After the spies returned with their report to Joshua, all that stood between Israel and the Promised Land was the Jordan River.
In making preparations to cross the river, Scripture tells us Joshua rose early one morning and moved the people close to the Jordan’s banks.
There, where everyone could see this obstacle to their entry to the home, they camped for three days. On the third day, Joshua sent his officers throughout the camp with their marching orders.
If there had been discussions among the Jews about how they would get across the river, and there most surely had been, Joshua was letting them know how their safe passage would occur.
They were told they should follow the ark of the covenant as it was carried by the priests, and we must understand just how appropriate it was that their forward progress should be guided by the ark.

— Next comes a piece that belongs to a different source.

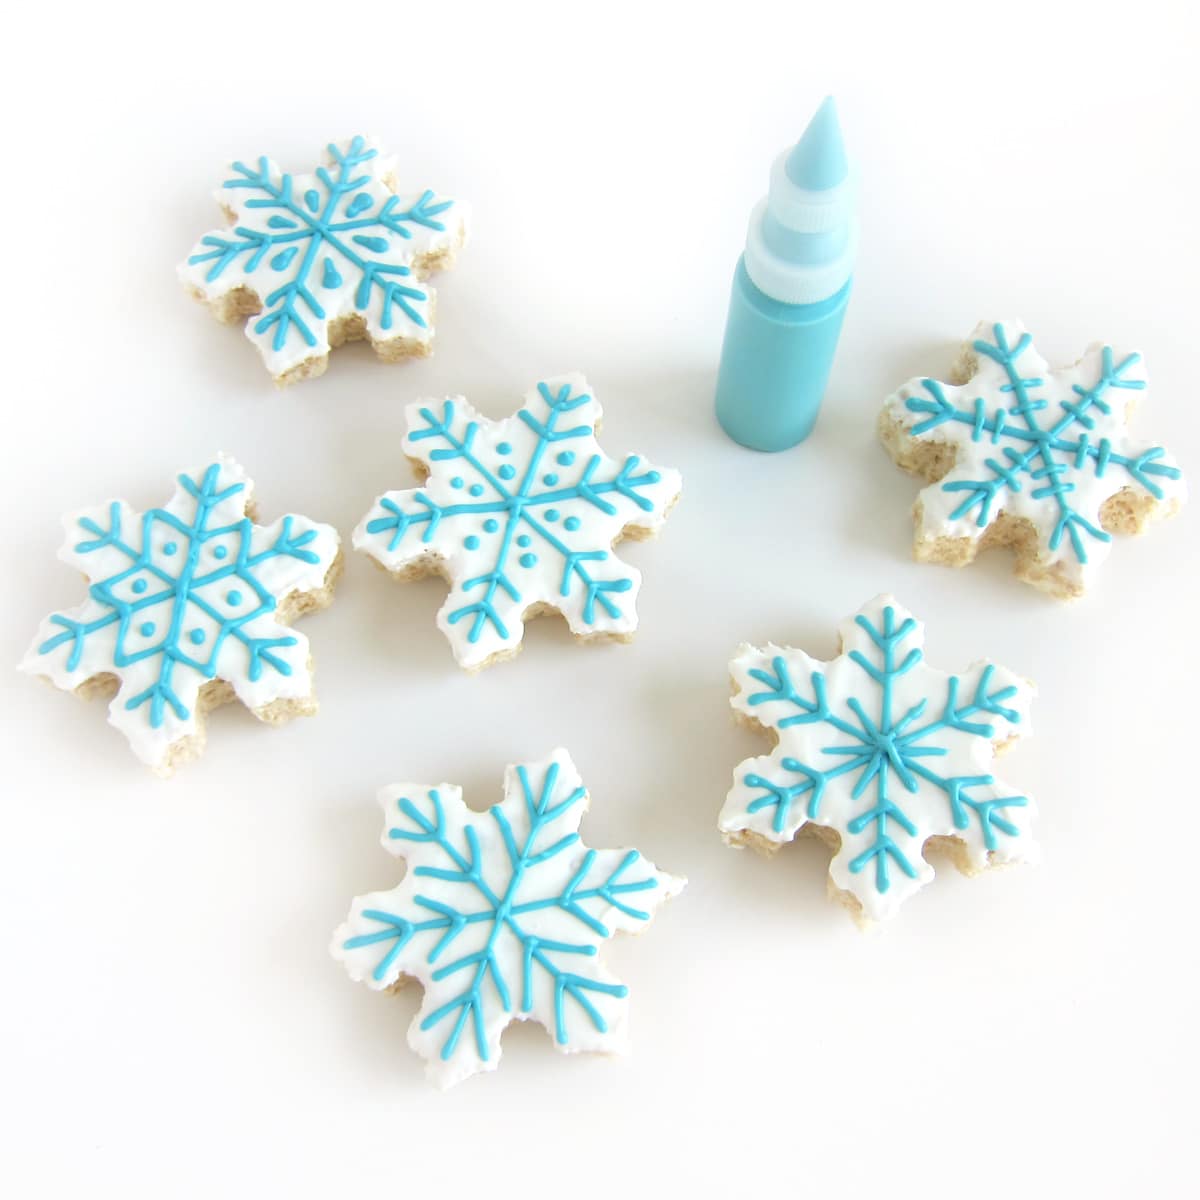 white chocolate covered Rice Krispie Treats decorated with blue candy melts snowflakes.

Regardless of anything that seemed to be an obstacle, they should always remember God was their God and He was in covenant with Israel. How could they lose as long as they trusted and followed Him?
Now, the people were commanded to leave behind the place where they camped and “go after” the ark. However, they must not come too close to the ark. Joshua commanded that they keep a distance of “about two thousand cubits” from the ark of the covenant. This meant they must draw no closer than about 3,000 feet between themselves and the ark.
The great distance shows reverence for God and His care for them, but Joshua said, “come not near unto it, that ye may know the way by which ye must go.” There were so many of them that the people at the front of the group would have seen the ark and the people behind them would only have seen people following the ark.
God wanted everybody to be able to see ark as He led them across the river. Our Father makes Himself available to every believer today. No one person on earth has greater access to God than the access available to every other person.
Joshua said to them, “for ye have not passed this way heretofore.” Sometimes God calls us to follow Him in ways and directions with which we are unfamiliar. Just as He did not want the Israelites to lose sight of the ark of the covenant, He does not want us to lose sight of the hope we have in His precious Son, Jesus.
Joshua said the priests were to carry the ark into the water, but as soon the soles of their feet touched the water, “the Lord of all the earth, shall rest in the waters of Jordan.” Because the Lord rested in those waters, they would be cut off and the people could walk into the Promised Land.
Maybe the only thing that lies between you and the receiving of God’s promise is a “river,” and all it will take to grab hold of His promise is that you need to keep your eyes fixed on Him and take that step of faith.